═════ DATA EXCERPT ═════

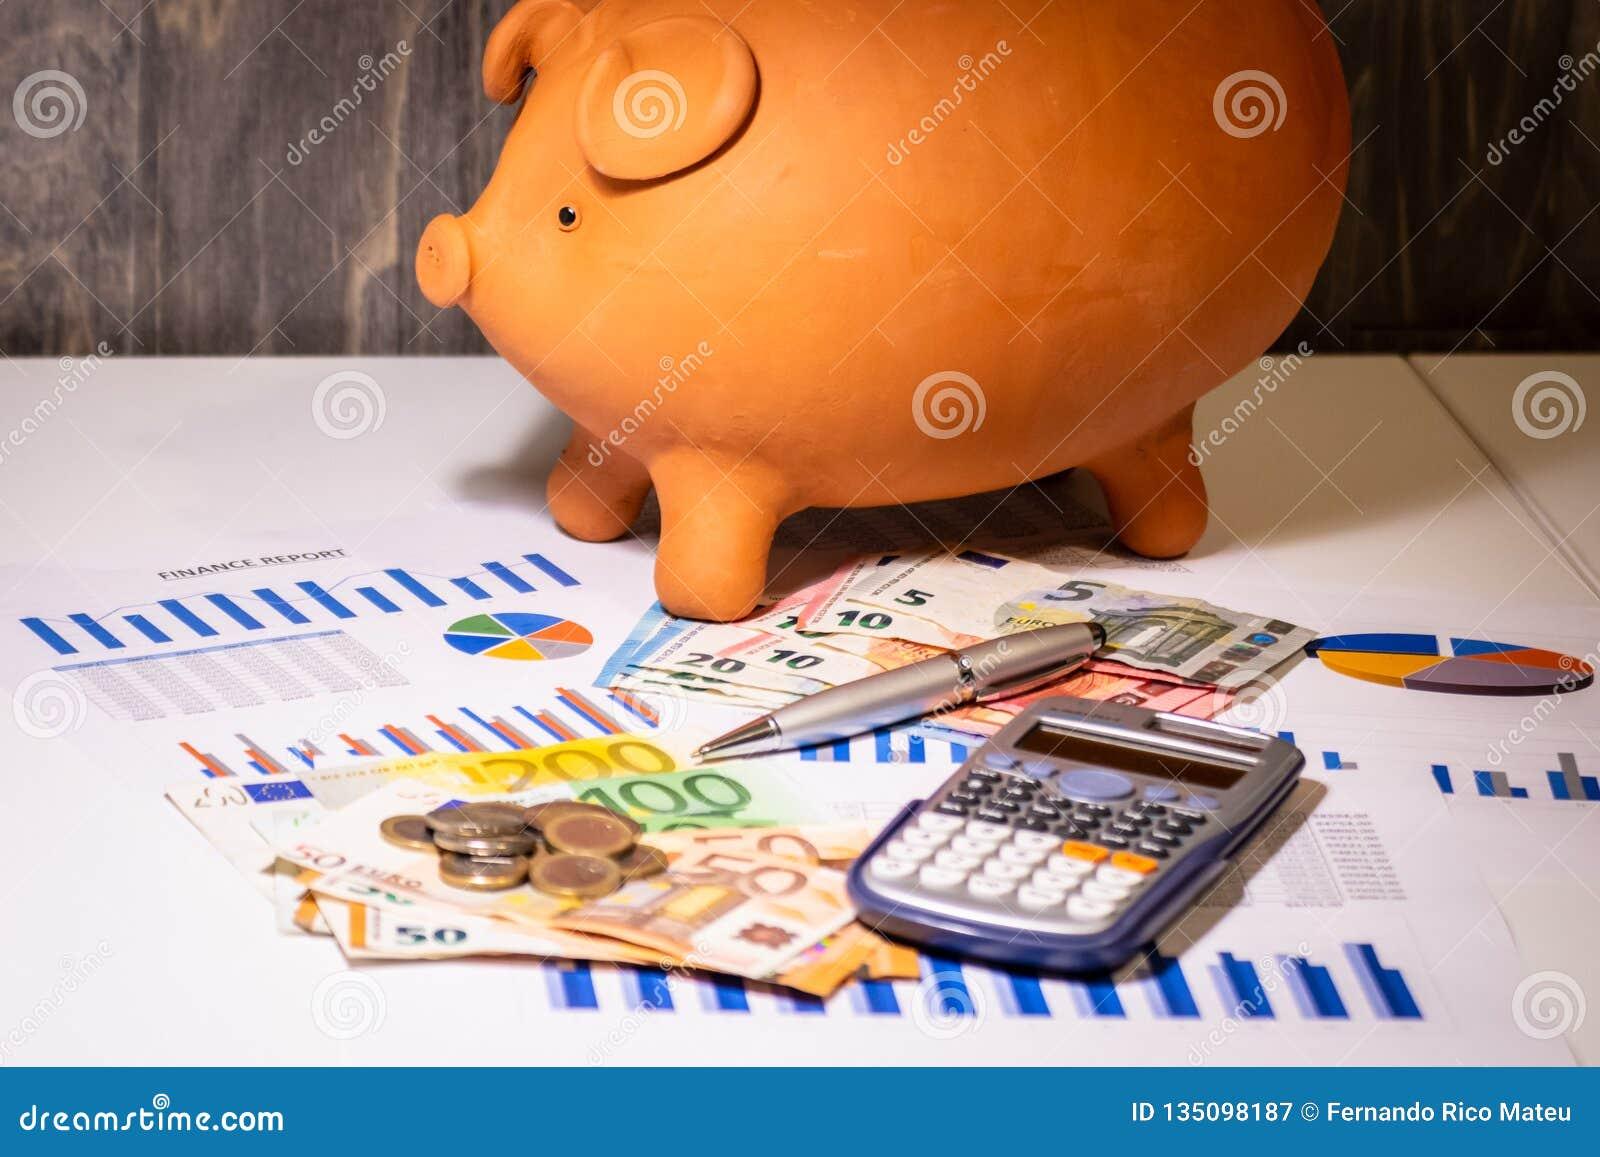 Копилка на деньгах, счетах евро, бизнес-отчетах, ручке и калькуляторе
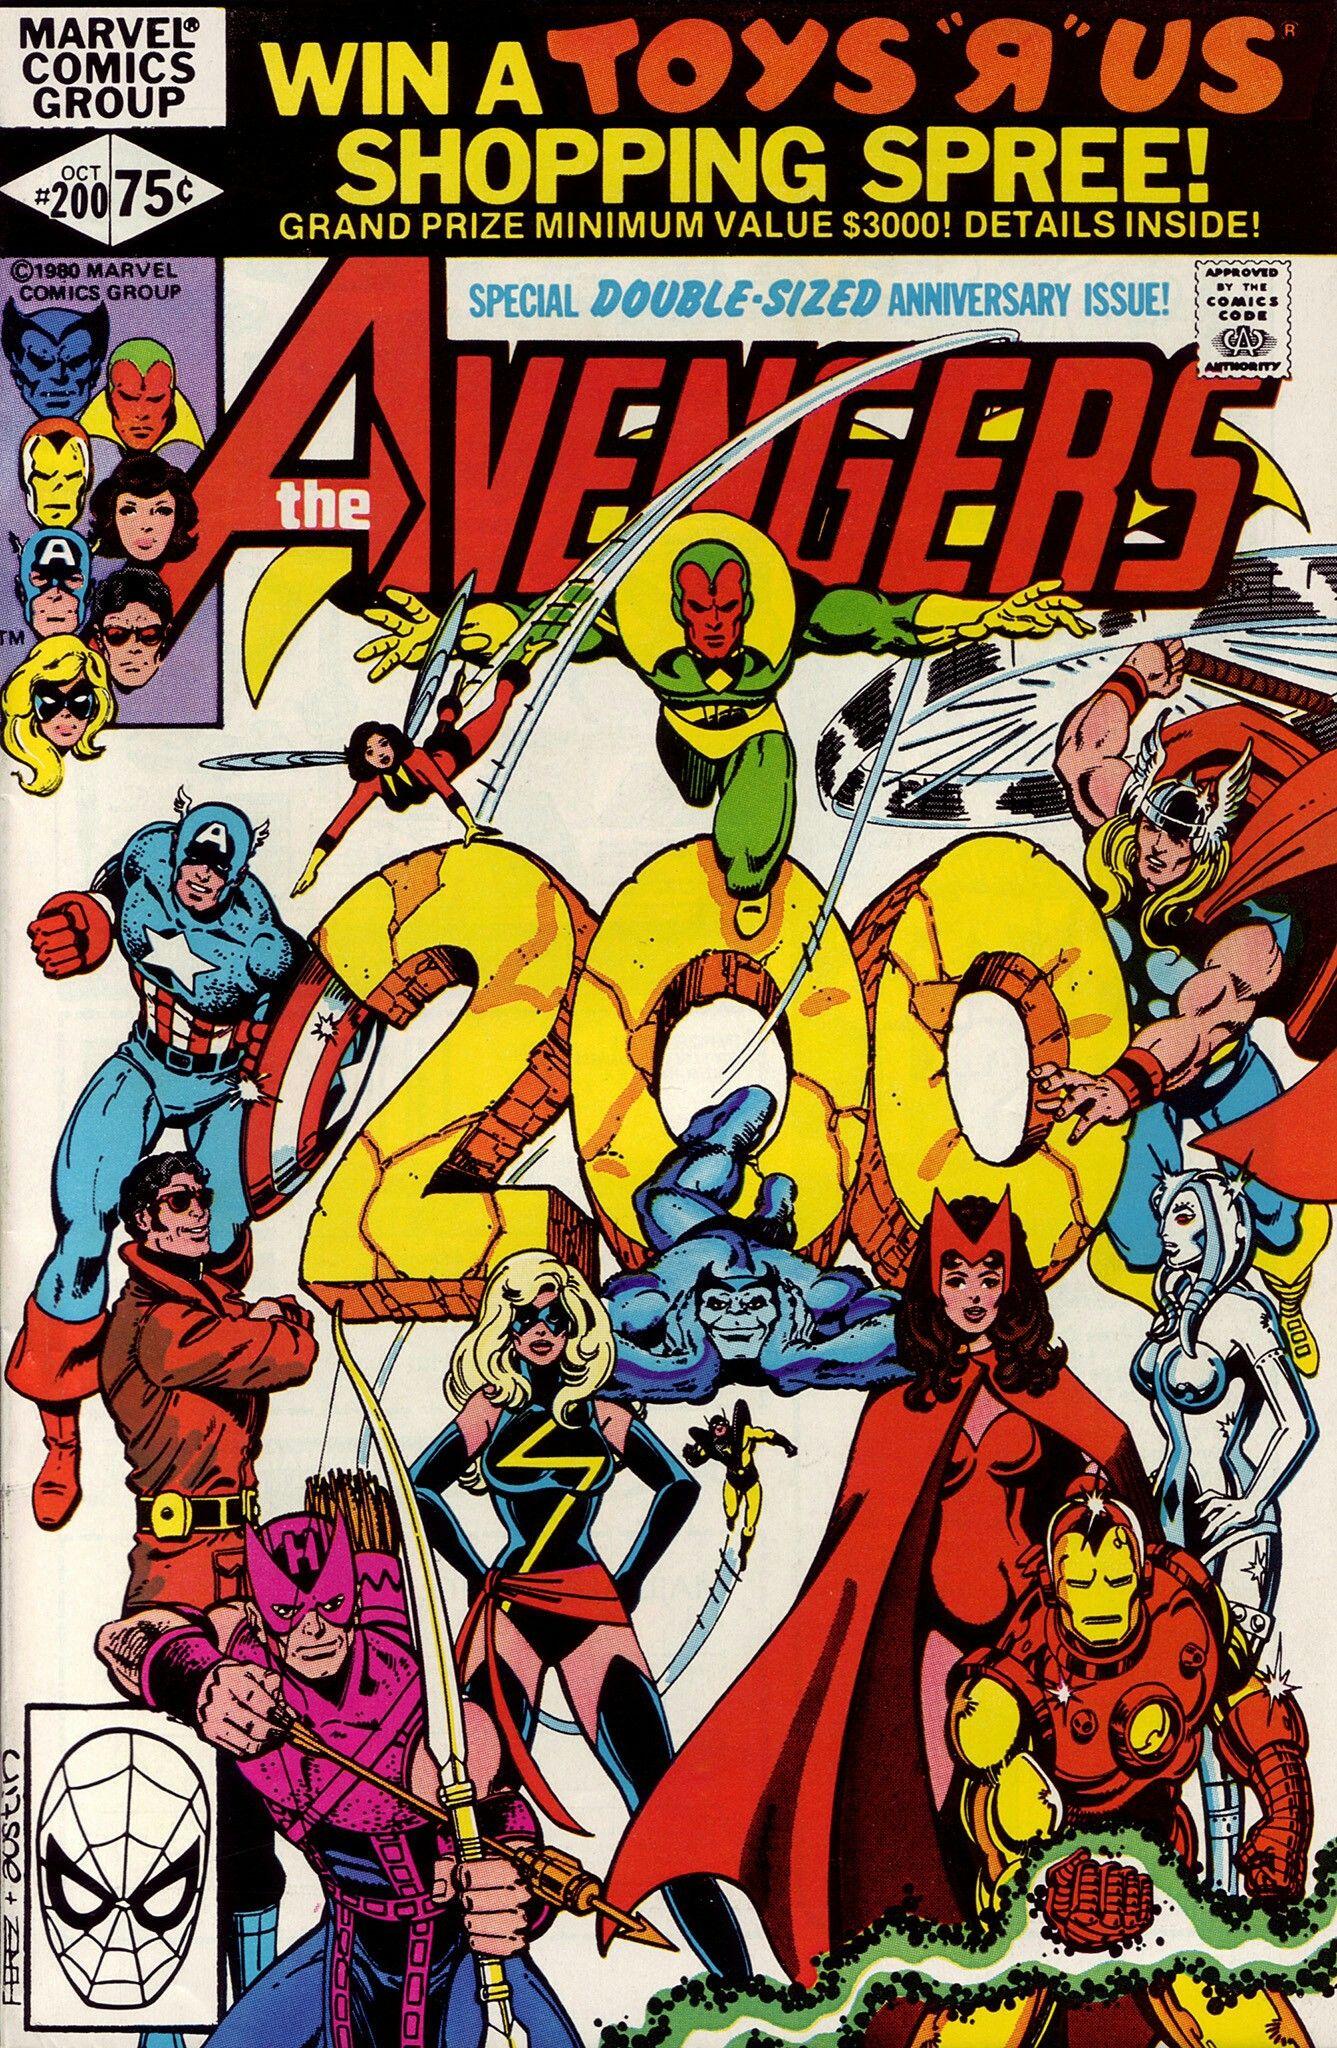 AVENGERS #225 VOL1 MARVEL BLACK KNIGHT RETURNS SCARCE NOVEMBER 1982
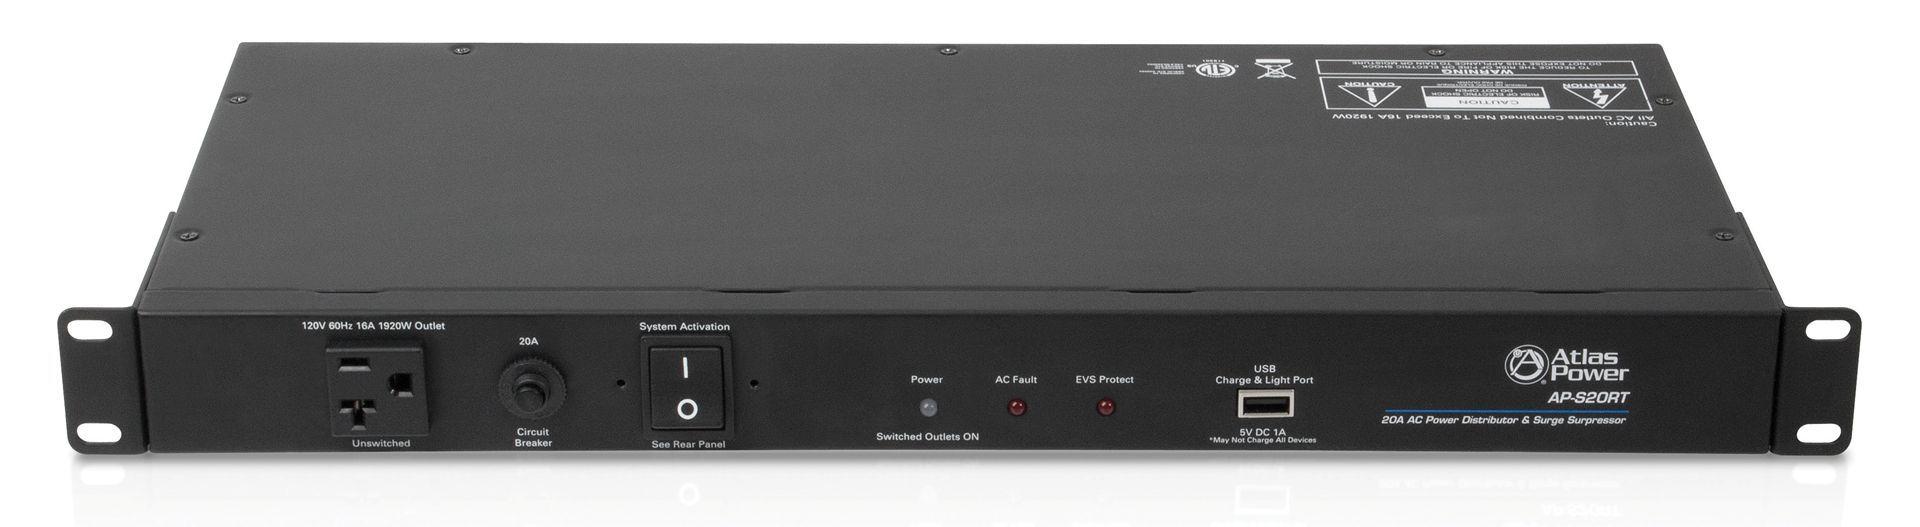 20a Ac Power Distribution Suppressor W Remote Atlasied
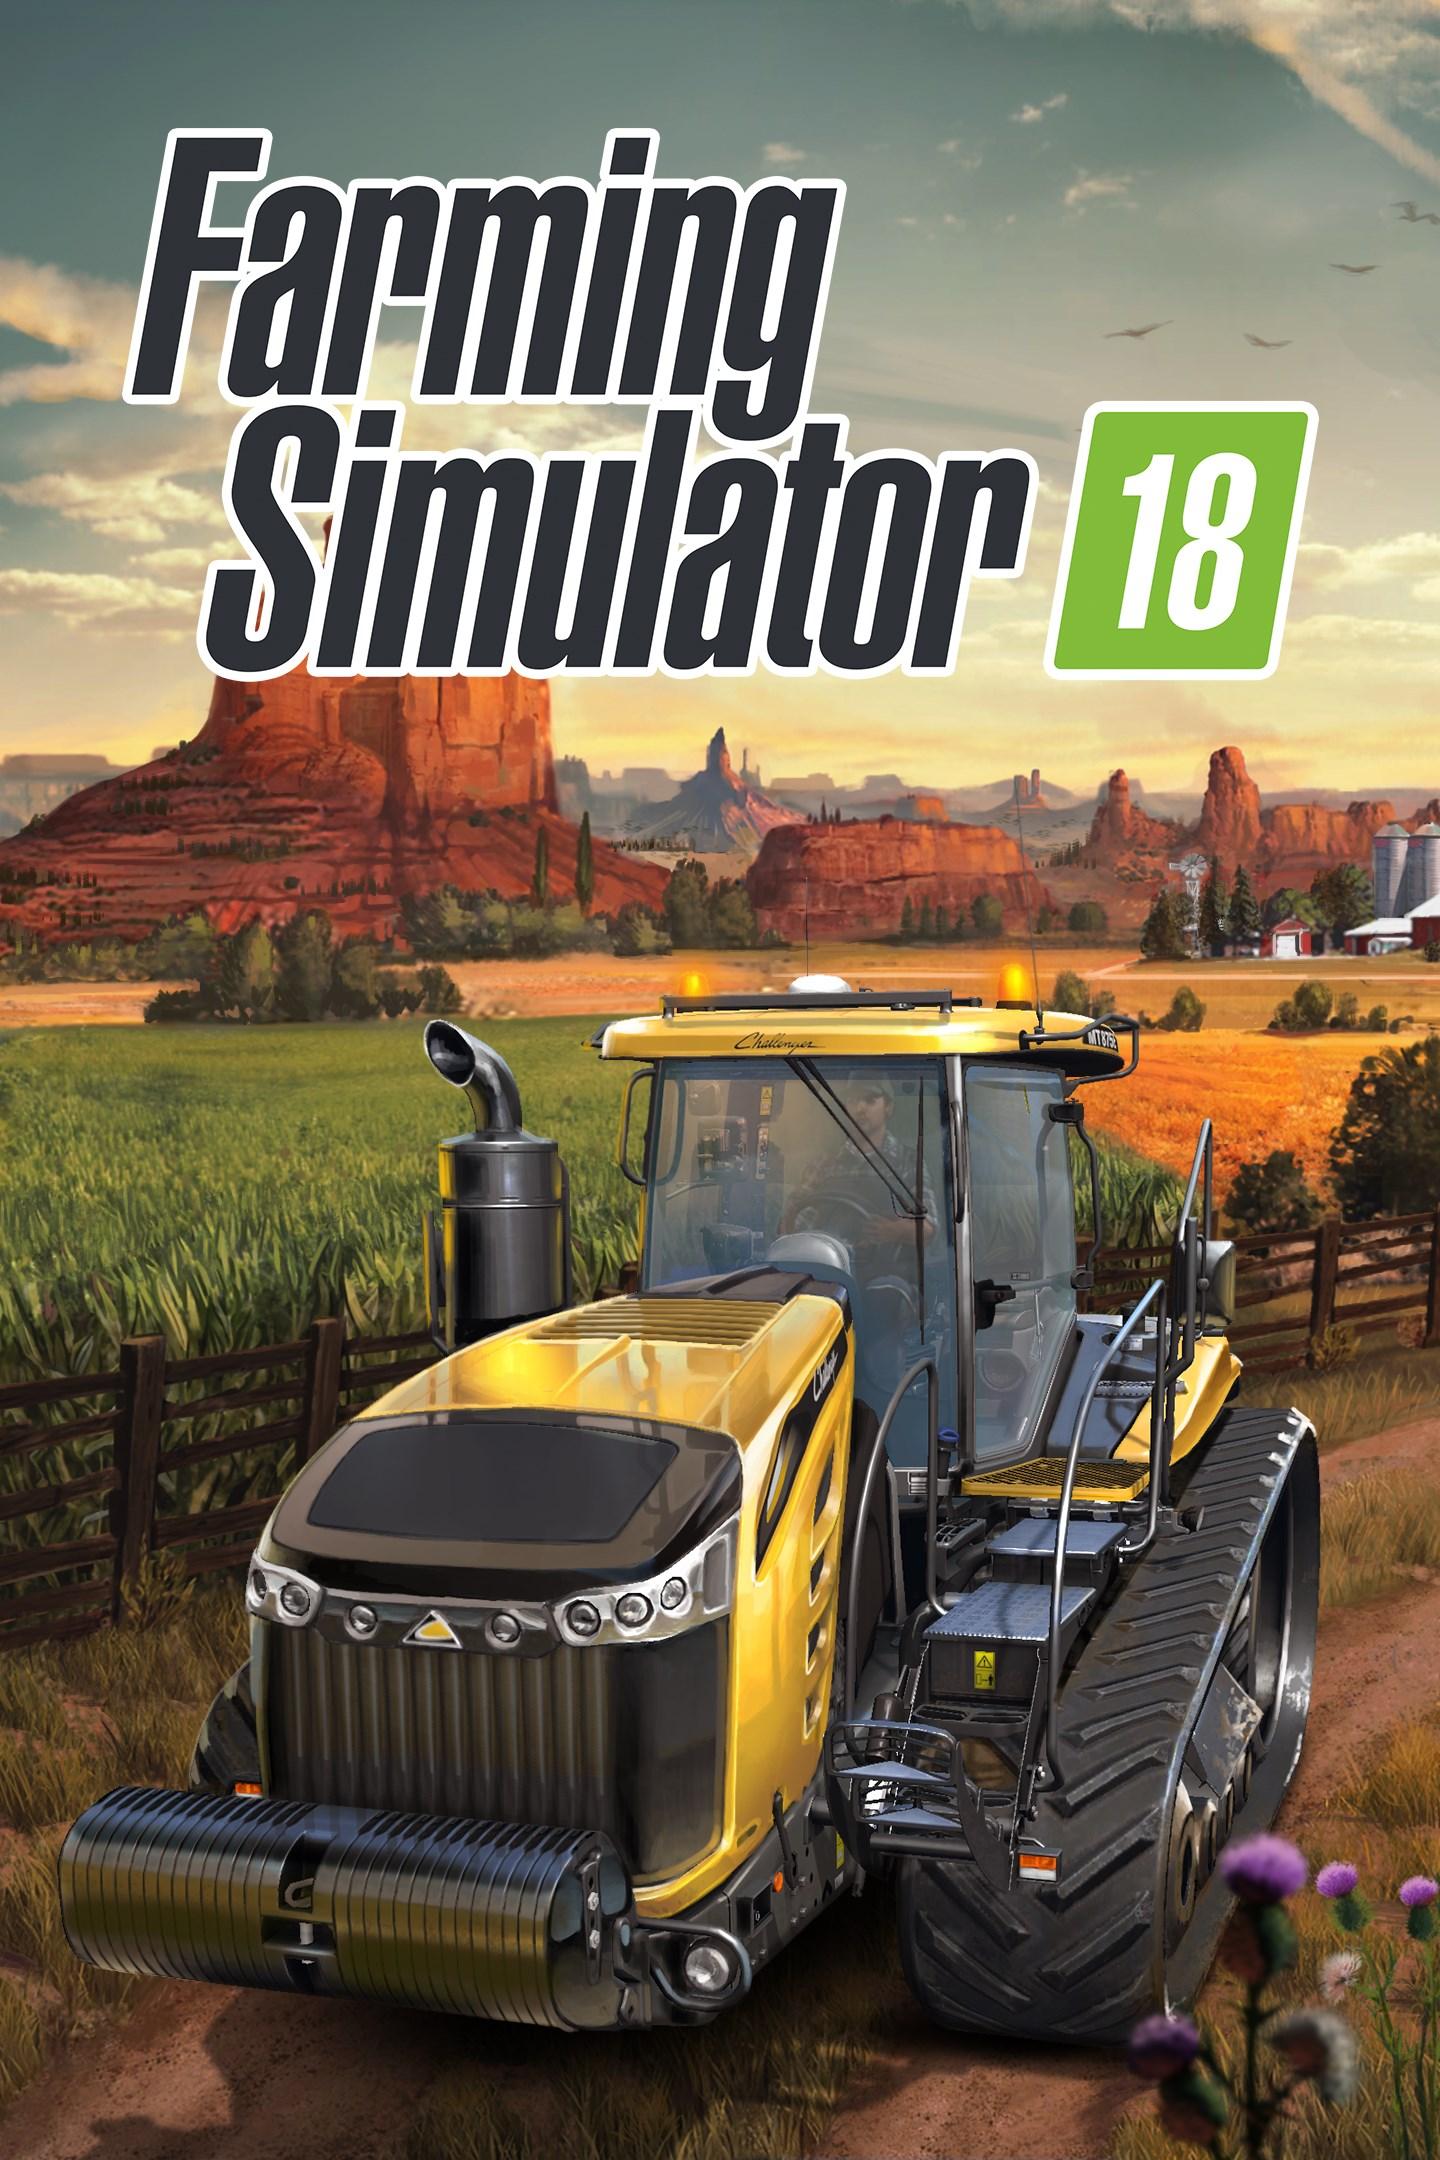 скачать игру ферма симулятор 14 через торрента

═════

• [AIM OF THE EXERCISE]
Write out the lines of the material from the one containing "AVENGERS #225 VOL1" through the last, exactly and only those. Leave every picture out.

• [RESPONSE AREA]
 AVENGERS #225 VOL1 MARVEL BLACK KNIGHT RETURNS SCARCE NOVEMBER 1982
 20a Ac Power Distribution Suppressor W Remote Atlasied
 скачать игру ферма симулятор 14 через торрента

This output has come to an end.